For metals, it’s a different story. Specifications for metal powders are often quite stringent, and they vary for different metals and applications. Some people worry that used powder isn’t high enough quality for reuse in 3D printing, but replenishing the supply with spent powder can actually improve process stability.
Reducing Energy
One way to reduce the energy required to make materials for 3D printing is to change how materials, specifically metal powders, are made. Exhibitor 6K Additive uses short blasts of microwave plasma energy to create spherical powders from scrap, including both used powders from 3D printing and scraps from machining. The company claims that its method uses 75 to 90% less energy than standard powder production processes.
The 6K process can make lots of different metals and alloys. I picked up a bottle of tungsten powder and was surprised at how heavy it was. Perhaps I shouldn’t have been, knowing where tungsten sits on the periodic table, but it still felt heavier than I expected.
For applications where several materials could work equally well, choosing a powder or filament that melts at a lower temperature saves energy during printing. Optimizing materials and design to require fewer supports that later get discarded is another energy-saving approach.

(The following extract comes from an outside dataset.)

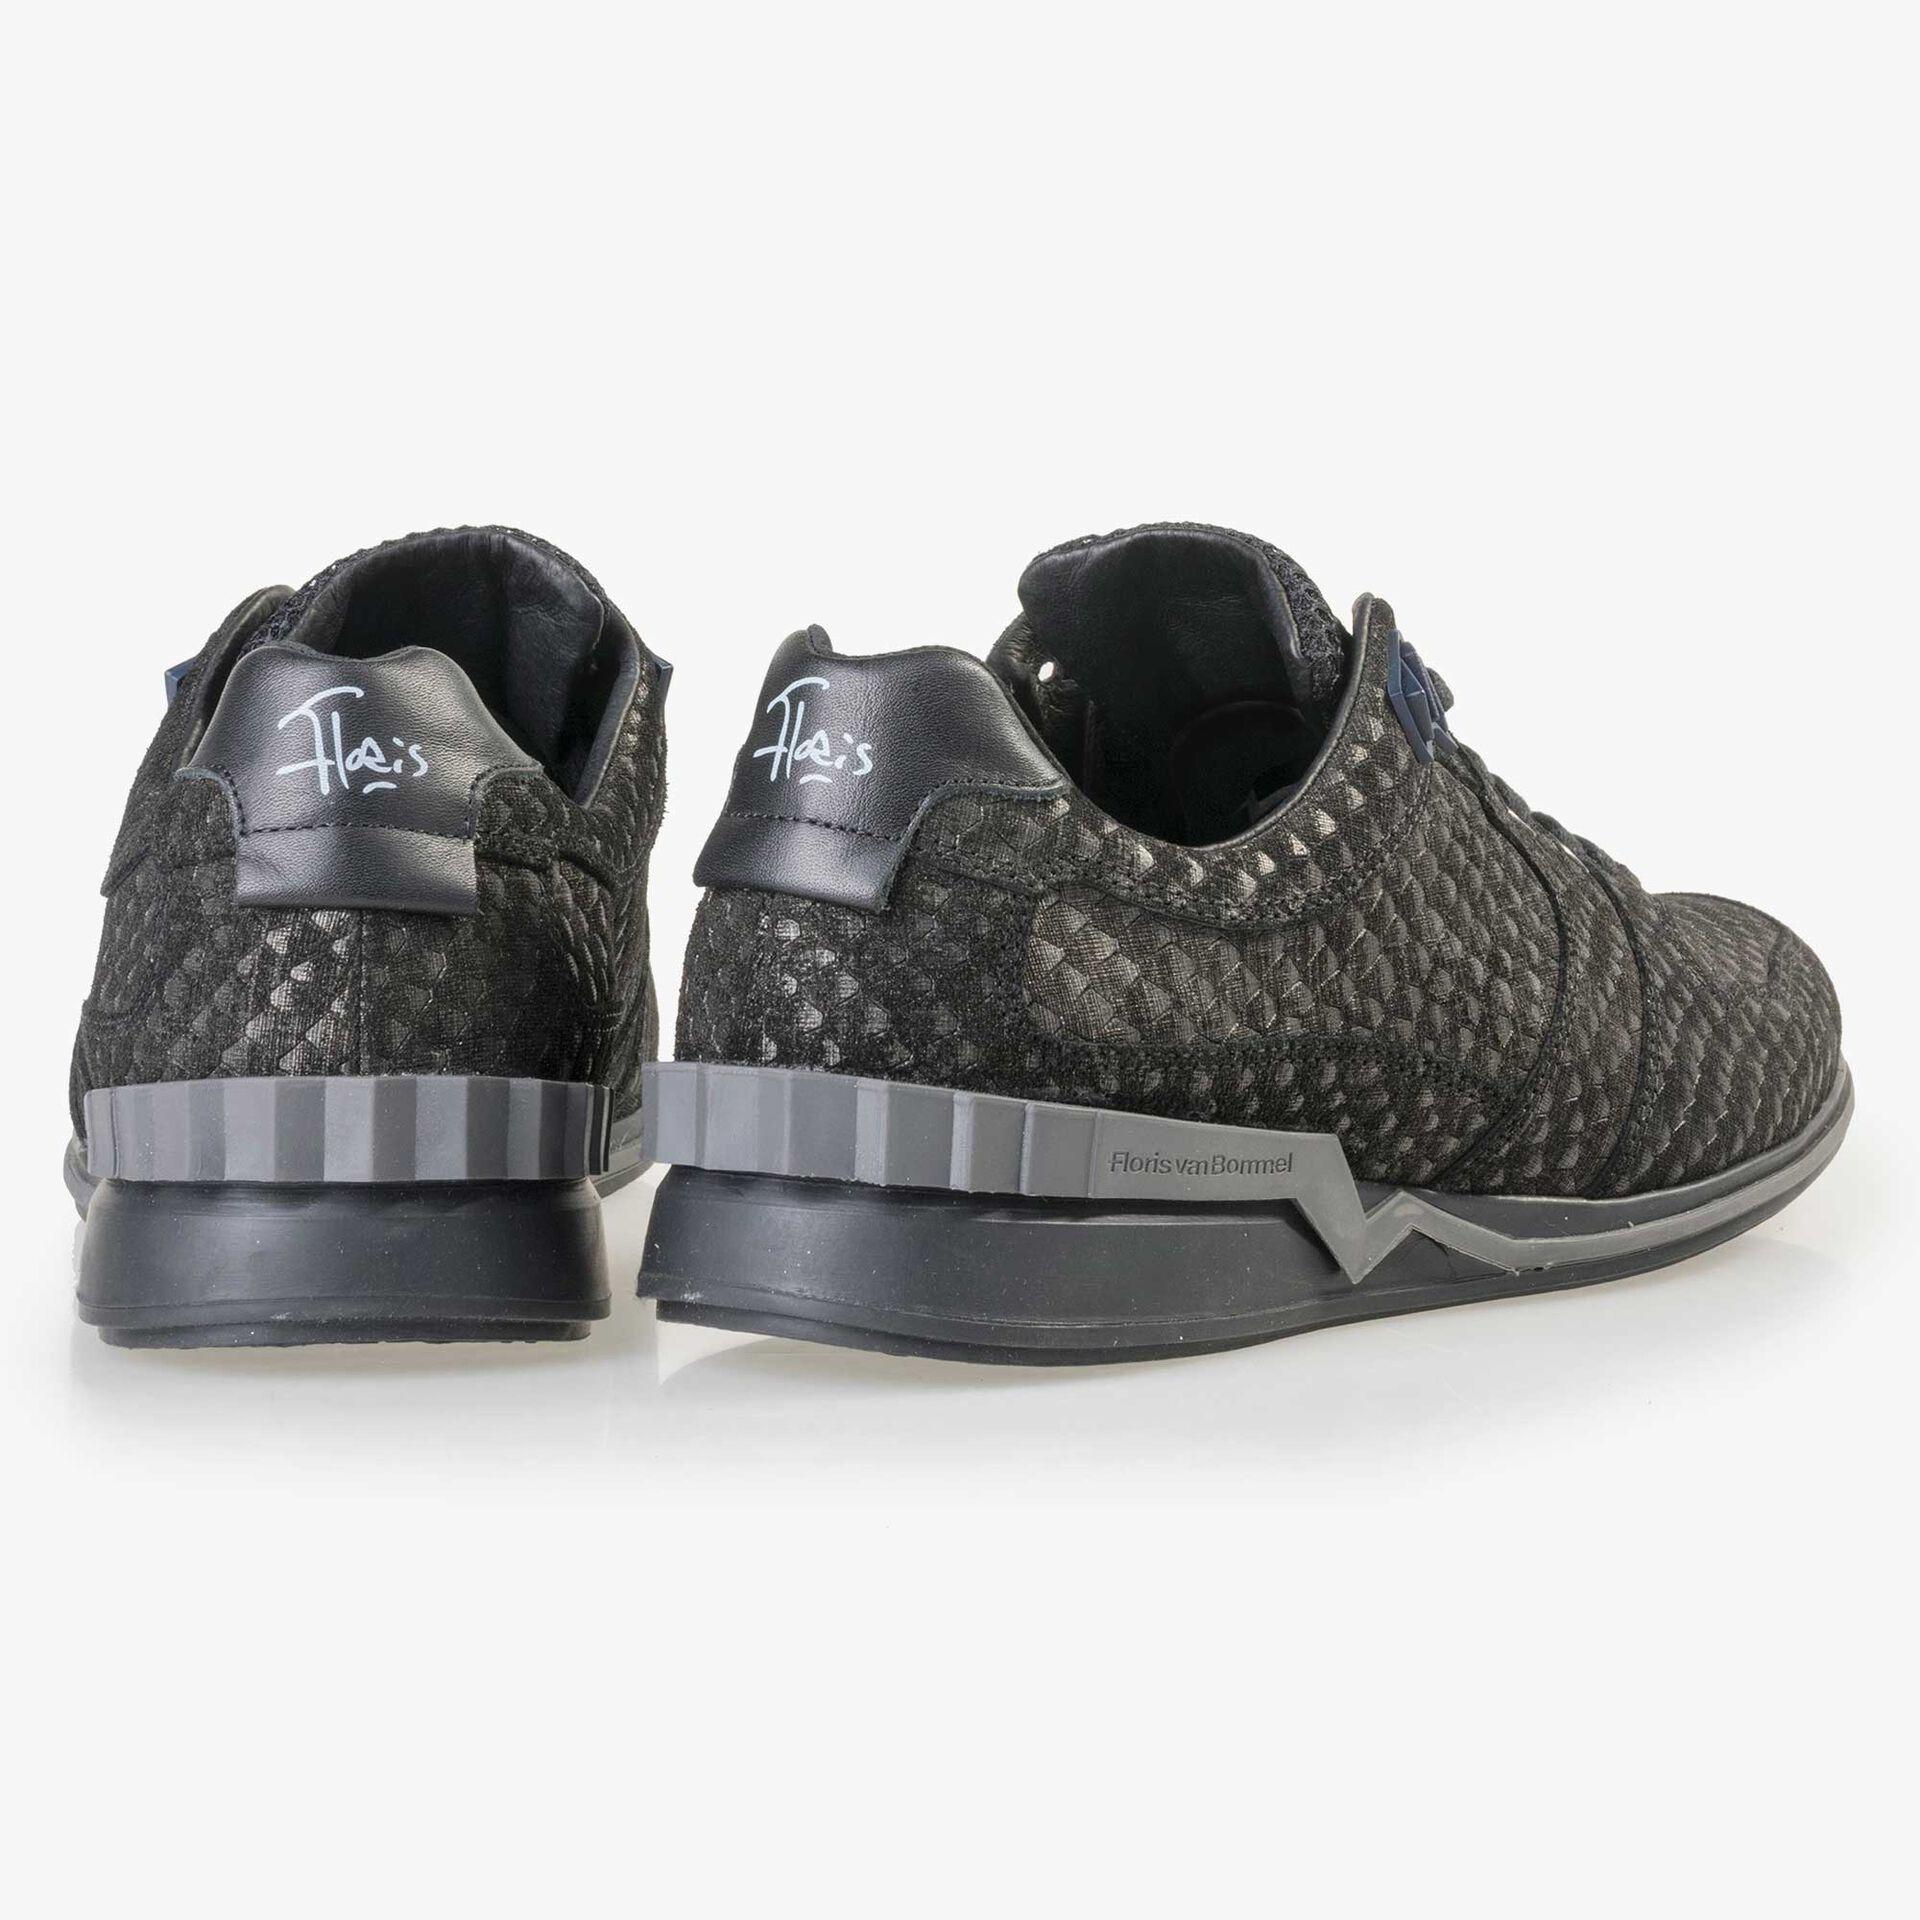 Floris van Bommel grey suede leather snake print sneaker

Sustainability-minded end users can add these to their list of considerations when designing 3D printed products.
My Take on Additive
I agree with keynote speaker Marie Langer, CEO of EOS, a company that makes 3D printers and materials. She said that the industry shouldn’t scale for the sake of scaling and should be patient when opportunities don’t come flooding in. (I believe the first part of that statement applies more generally, and that uncontrolled growth should never be the goal.)
To achieve additive manufacturing's promised performance and environmental sustainability benefits, focus on where it can add the most value and enable things that cannot be done otherwise.
Additive manufacturing needs to be a solution to known problems rather than a solution in search of a problem. The best tool isn’t always a hammer. Or a 3D printer. Fortunately for the engineers developing better materials and refining processes for 3D printing, there are lots of places where it can be an ideal solution.